## The task
In the material below, find the span from the line with "Jalapeno cheddar biscuits" to the line with "Hypothyroidism caused by" and transcribe only those lines, exactly, ends included, without the pictures.

===== Records supplied

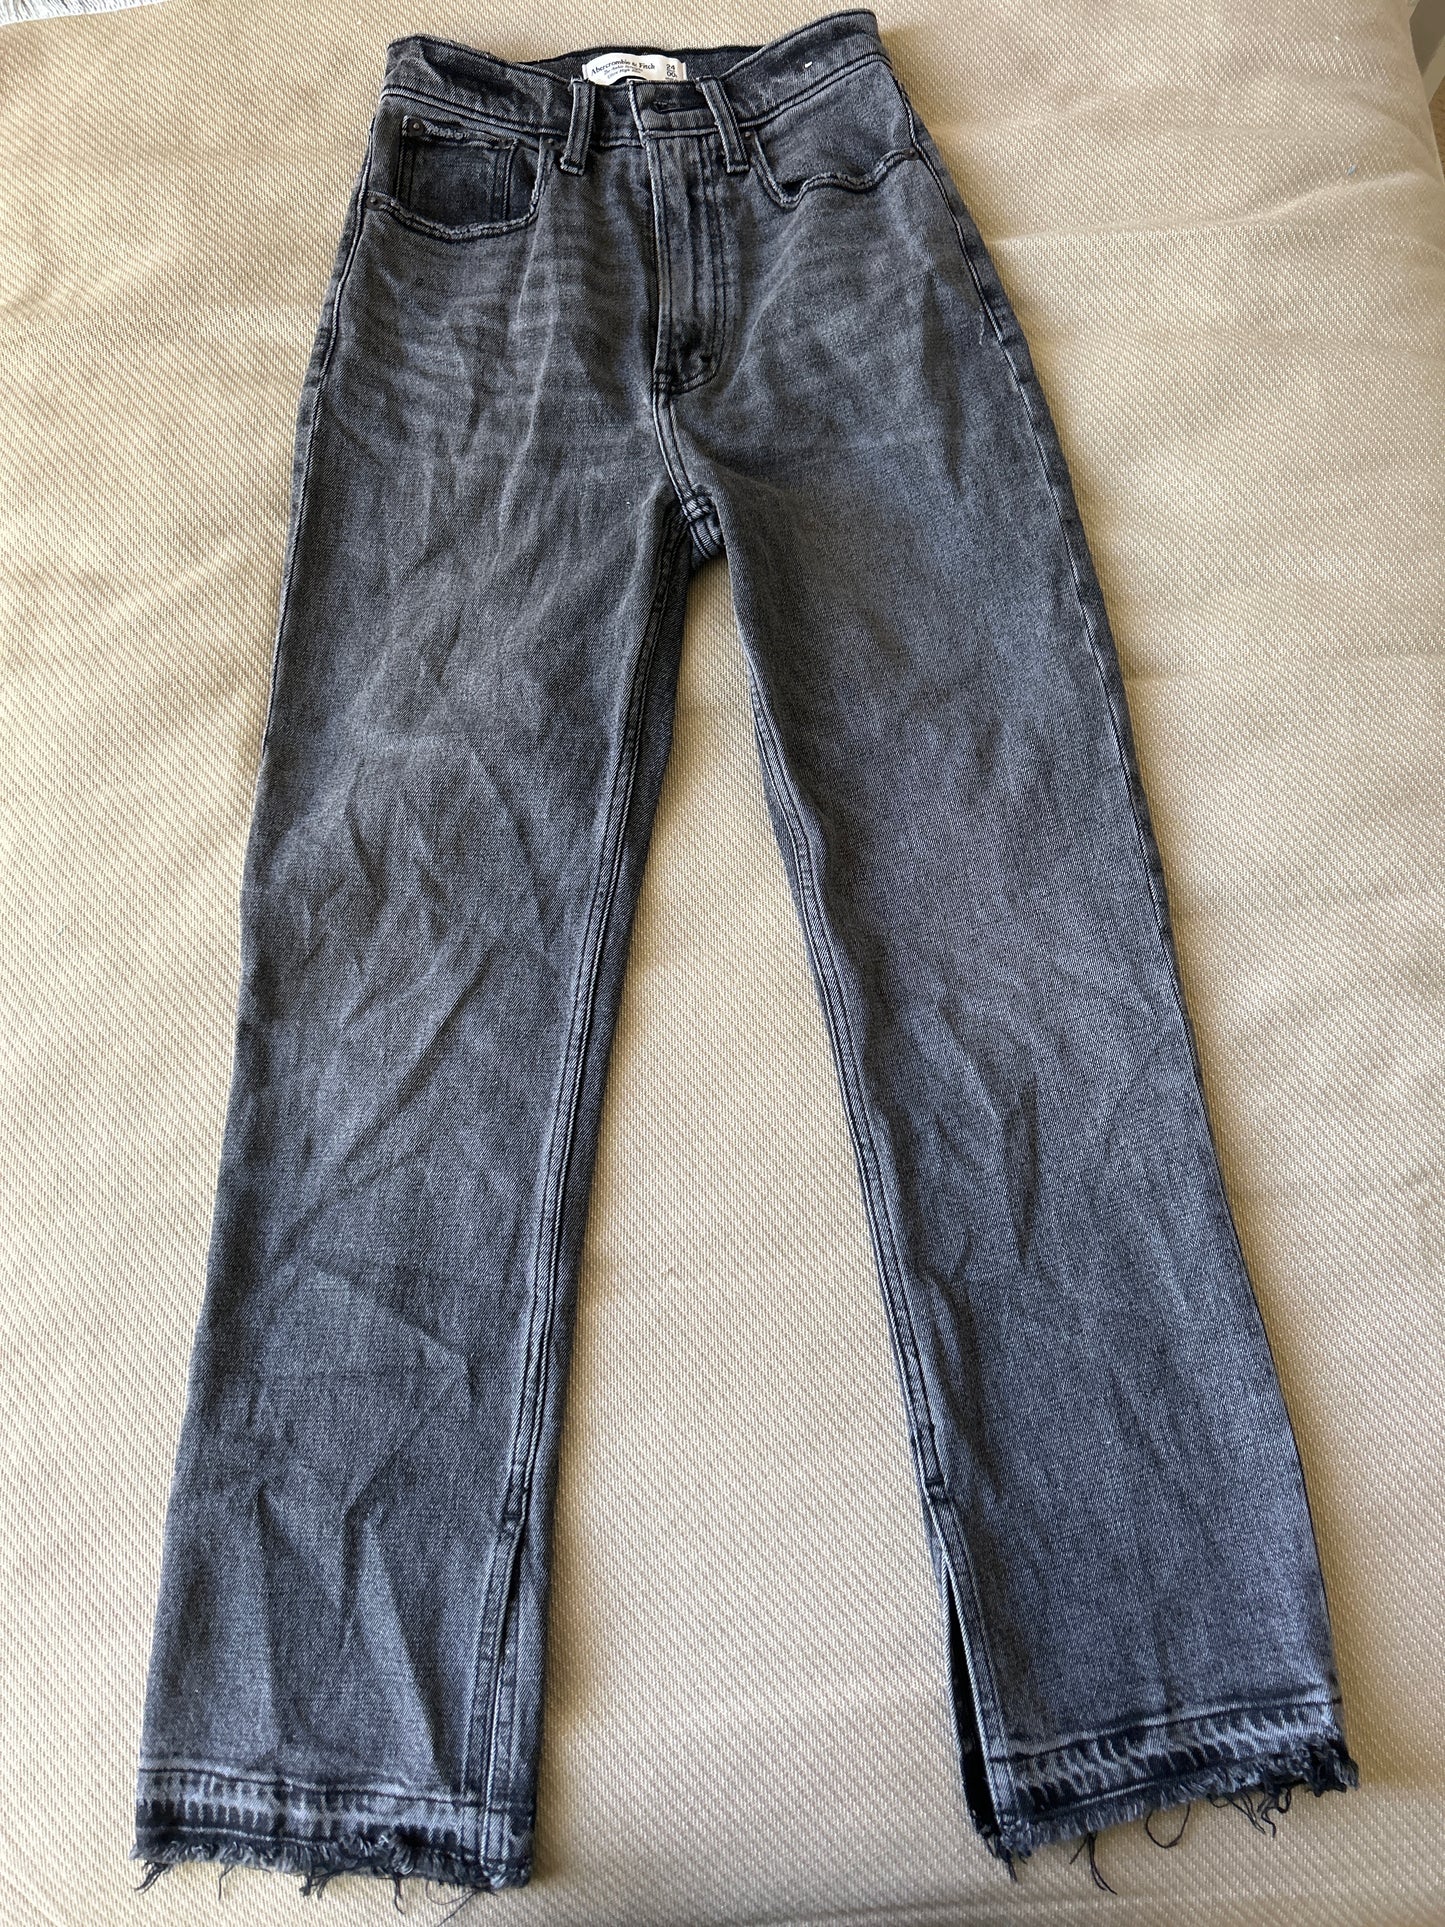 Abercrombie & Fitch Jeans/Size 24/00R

==========
===== Records supplied

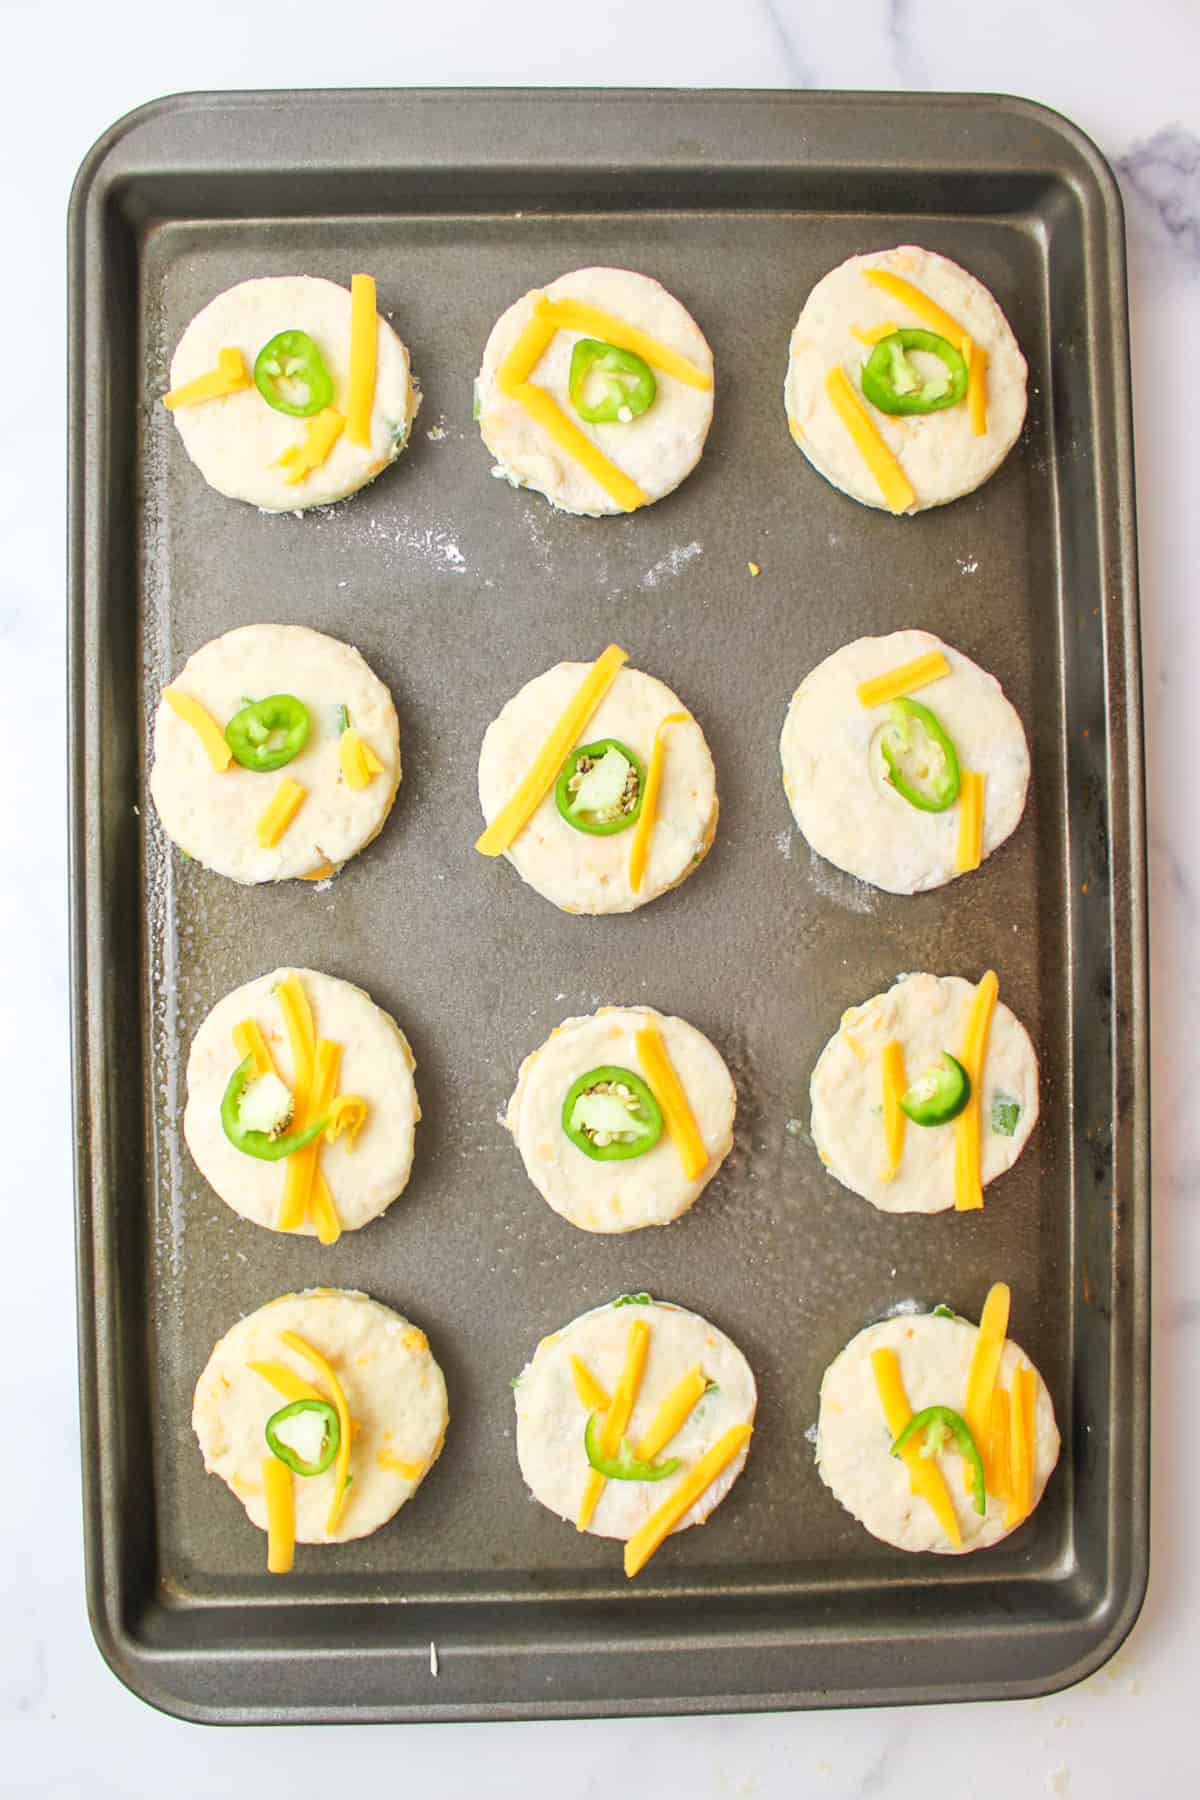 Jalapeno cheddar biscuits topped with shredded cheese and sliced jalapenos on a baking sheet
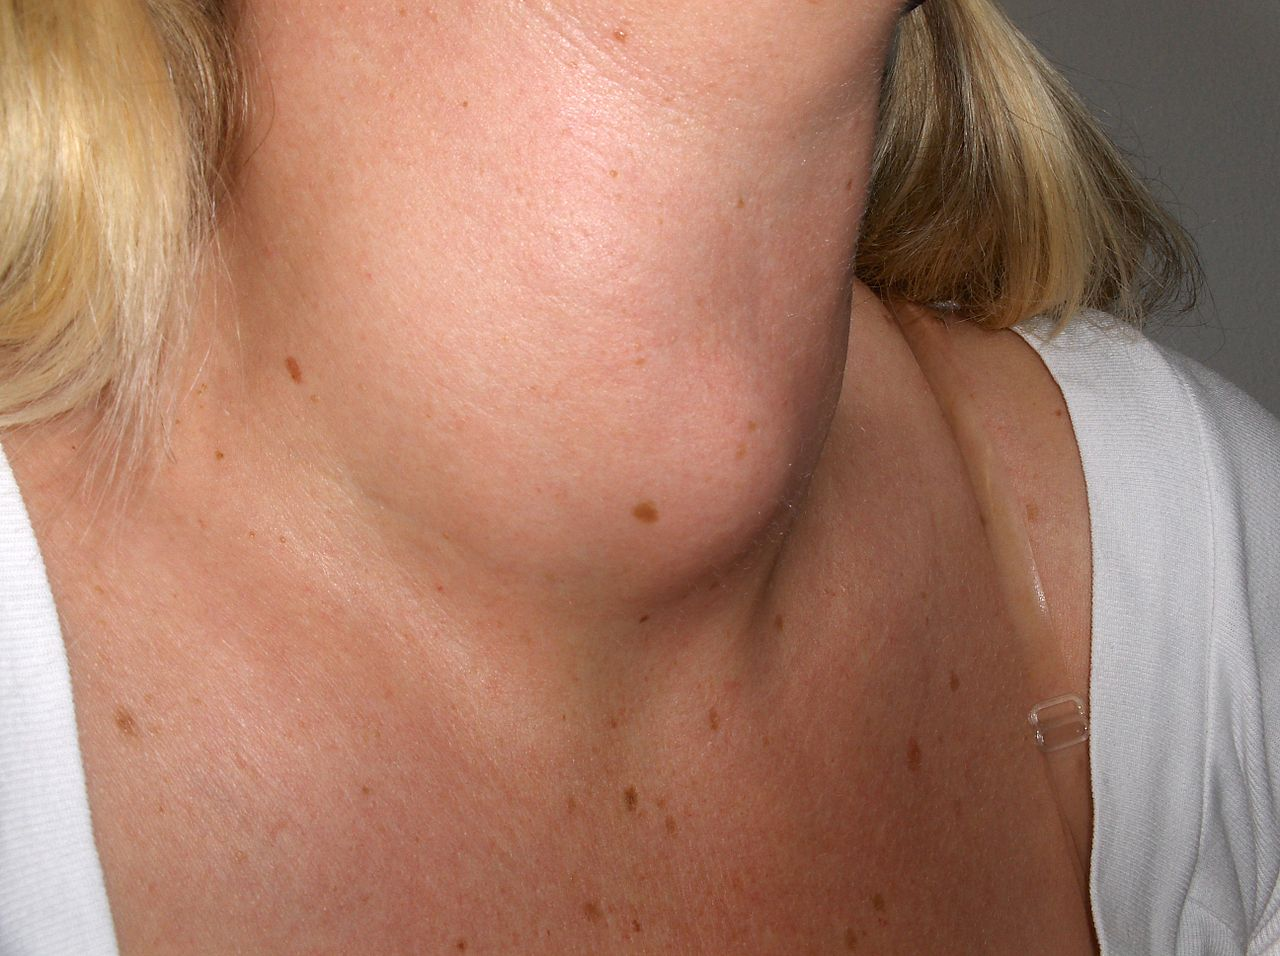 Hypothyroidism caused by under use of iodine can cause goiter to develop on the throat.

==========

## Solution to this problem
 Jalapeno cheddar biscuits topped with shredded cheese and sliced jalapenos on a baking sheet
 Hypothyroidism caused by under use of iodine can cause goiter to develop on the throat.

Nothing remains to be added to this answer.